Yes, some elements of your personal medical history are protected INSIDE of doctor offices and hospitals by HIPAA and other laws, there are plenty of other unsecured and correlated data outside those offices that can link to greater risk of early death, behavioral, financial or other risks.

“All you need to know is how much someone weighs, what kind of food he or she eats, how much exercise they get, and so forth.  Much of that information is publicly available, can be bought, or can be legally requested in insurance applications.  One health insurance actuary told me that such “lifestyle” data is a much better predictor than age of who is going to contract, say, diabetes.  Among 45-year olds, for example, there is an eightfold difference in annual medical spending between the highest-risk lifestyle group and the lowest,” Davenport writes.

Lifestyle indicators are already gaining popularity in health insurance firms, who enroll certain customers in “disease management” programs.
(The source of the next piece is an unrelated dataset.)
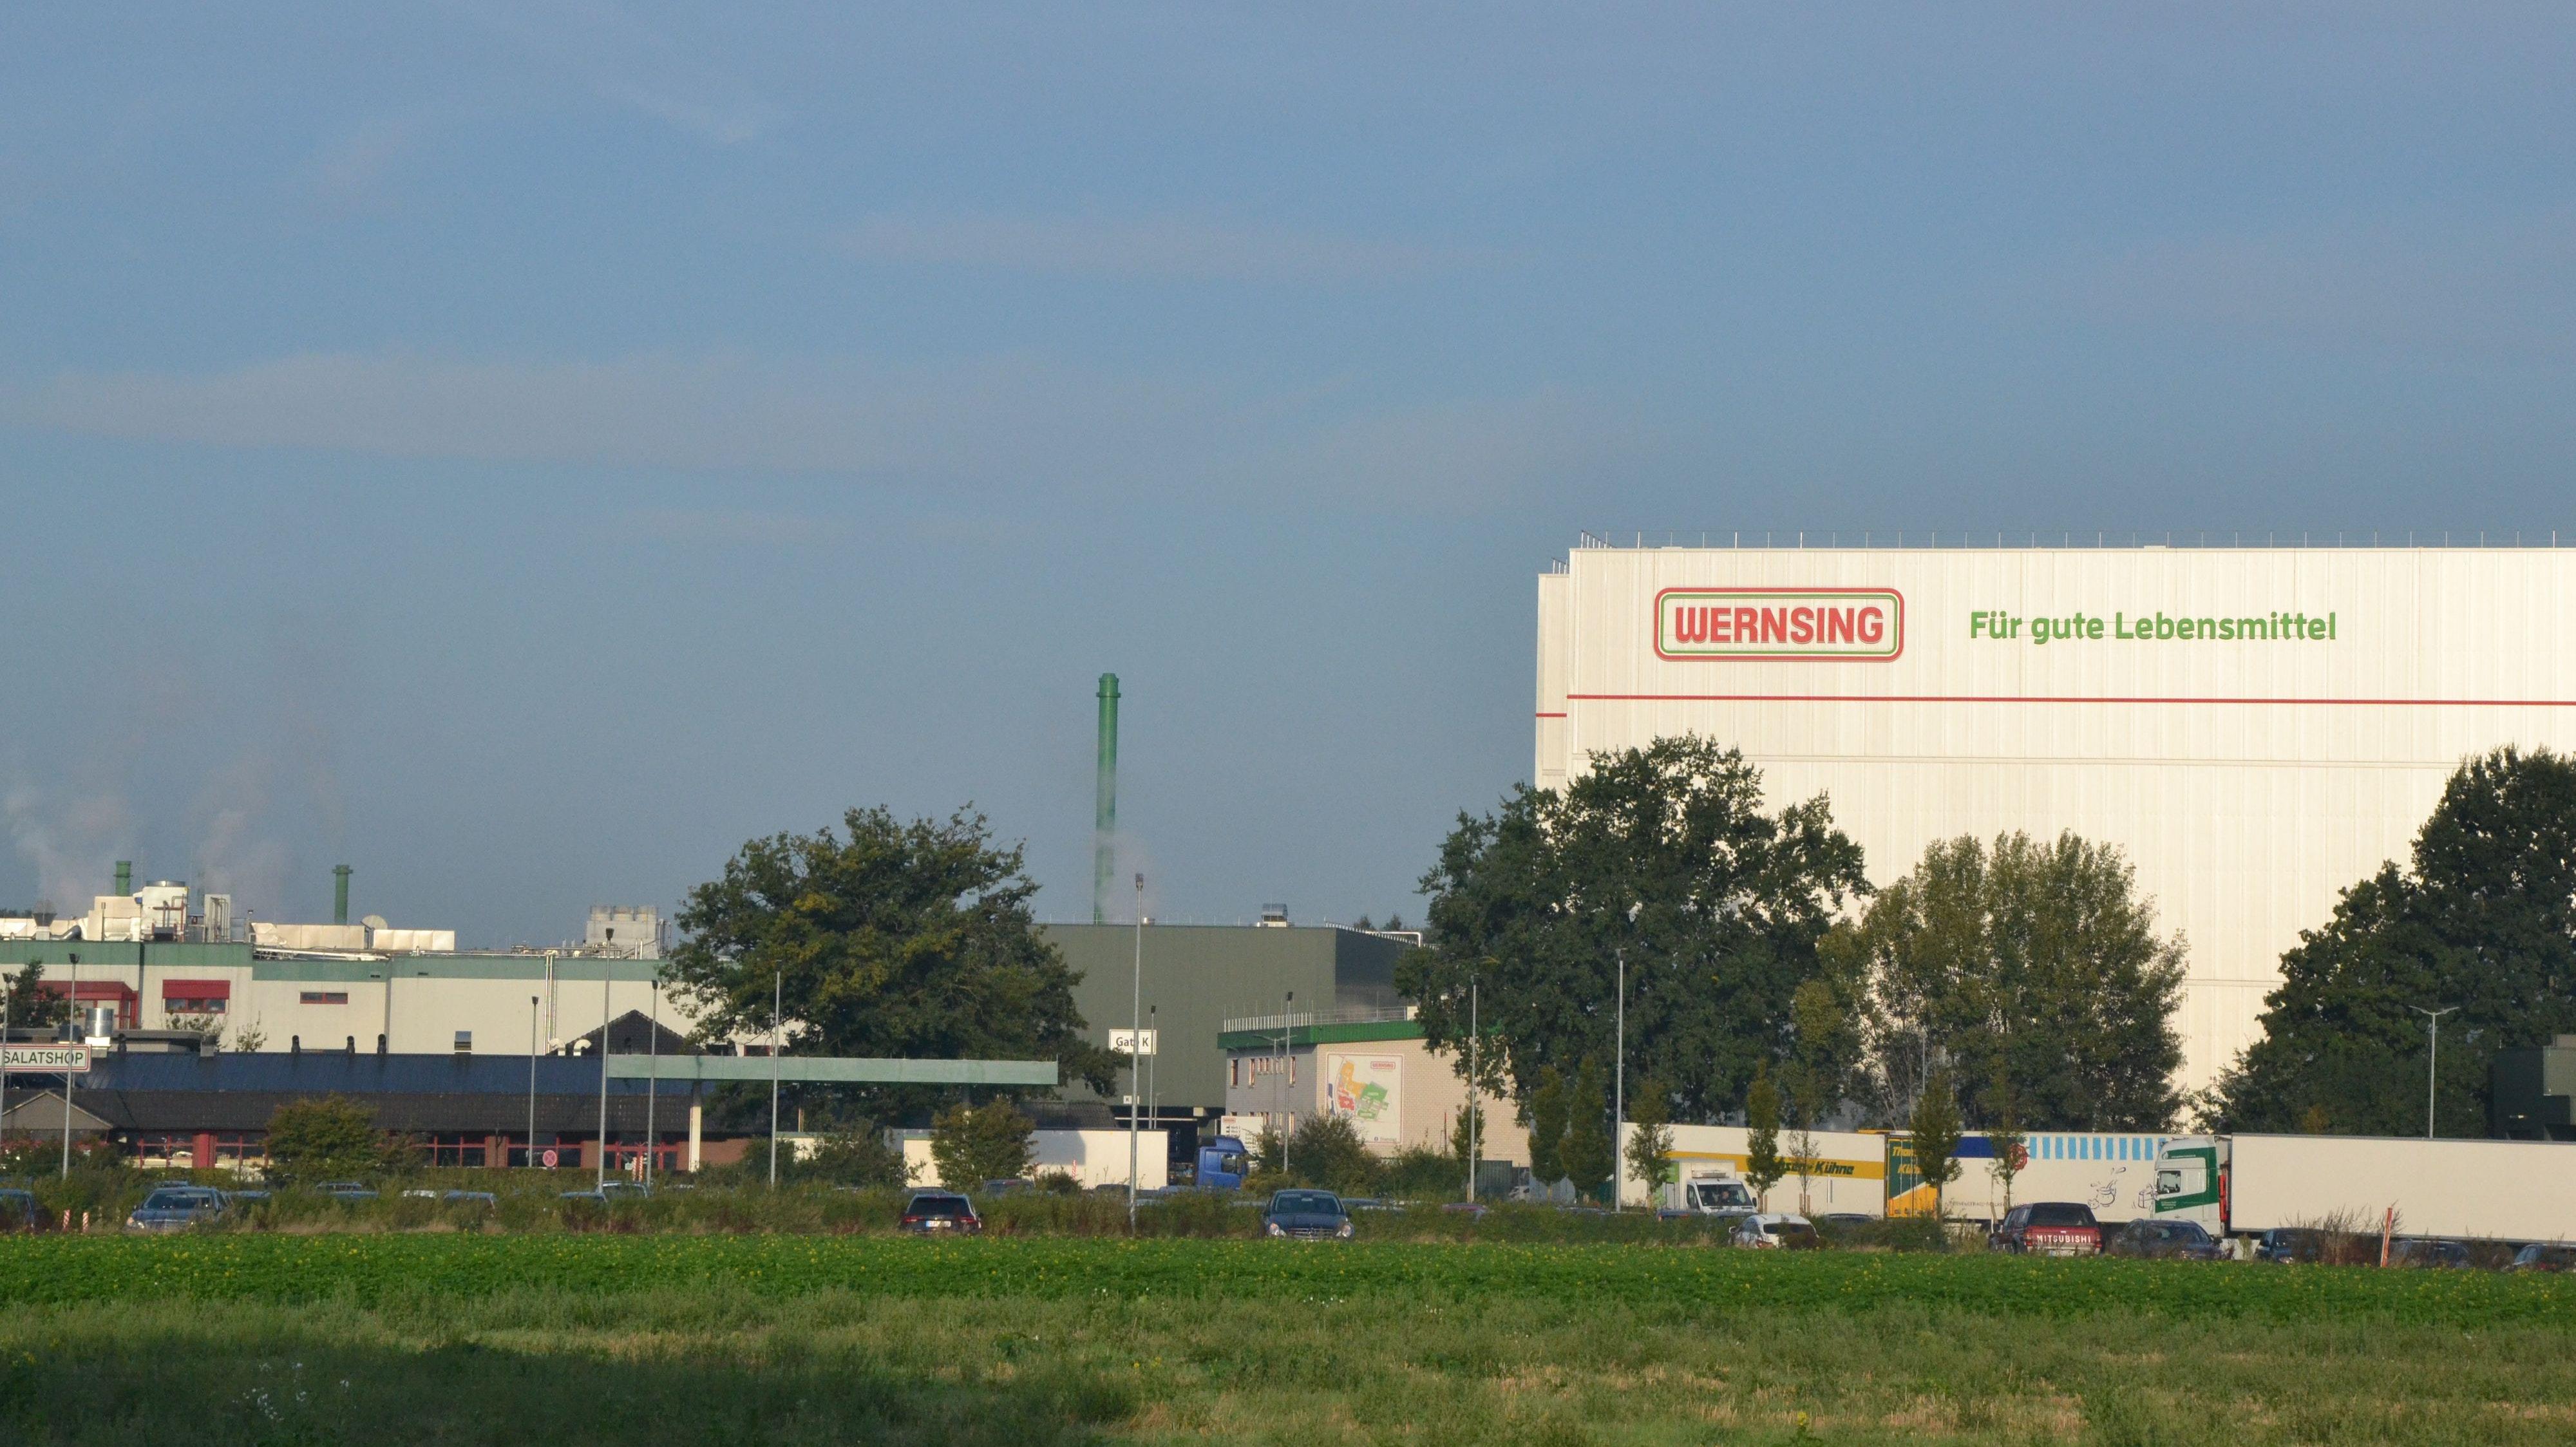 Plant weiter: Die Wernsing-Feinkost GmbH betreibt am Standort Addrup ein großes Werk. Bald sollen mehrere neue Gebäude hinzukommen. Foto: Meyer

Some can reduce risks of certain conditions.  But Davenport notes that data can also be used to refuse coverage, or to price coverage at a much higher level.  Sometimes the details unearthed by advanced analytics can have unexpected or negative results.

The prospect of universal coverage in the United States could move more people to shop for insurance as individuals (and trackable) instead of as employees who might be harder to classify as group.  It will be possible for insurance firms to identify which customers will be profitable, and which will cost too much money to insure.  And some insurers will be better at predicting risk than others.  “This will lead to dramatic differences in performance between the more and less analytical health insurers.

Some will go out of business, creating disruption for the entire industry and its consumers,” Davenport predicts.  “If there is a “public option” that takes consumers no one else wants, it will undoubtedly get the citizens who are most likely to acquire expensive diseases.  Taxpayers will foot the bill, while the private health insurers who are good at prediction will become much richer.”

Auto insurers, for instance, have used “risk adjustment” in many states, sharing losses when they arise and preventing companies from skimming only the most desirable clients.  Another view comes from the public radio program “Marketplace” which found healthcare outcomes showed worse care or repeat hospitalization for minority patients compared with native English speakers.  A Nov. 23 report explored ways hospitals and insurers are looking to better data for improving predictive, responsive information.  For example, cultural details identifying someone more specifically as Cambodian, Indian or Japanese instead of more generically as “Asian” can make a difference when communicating care or prescription drug use.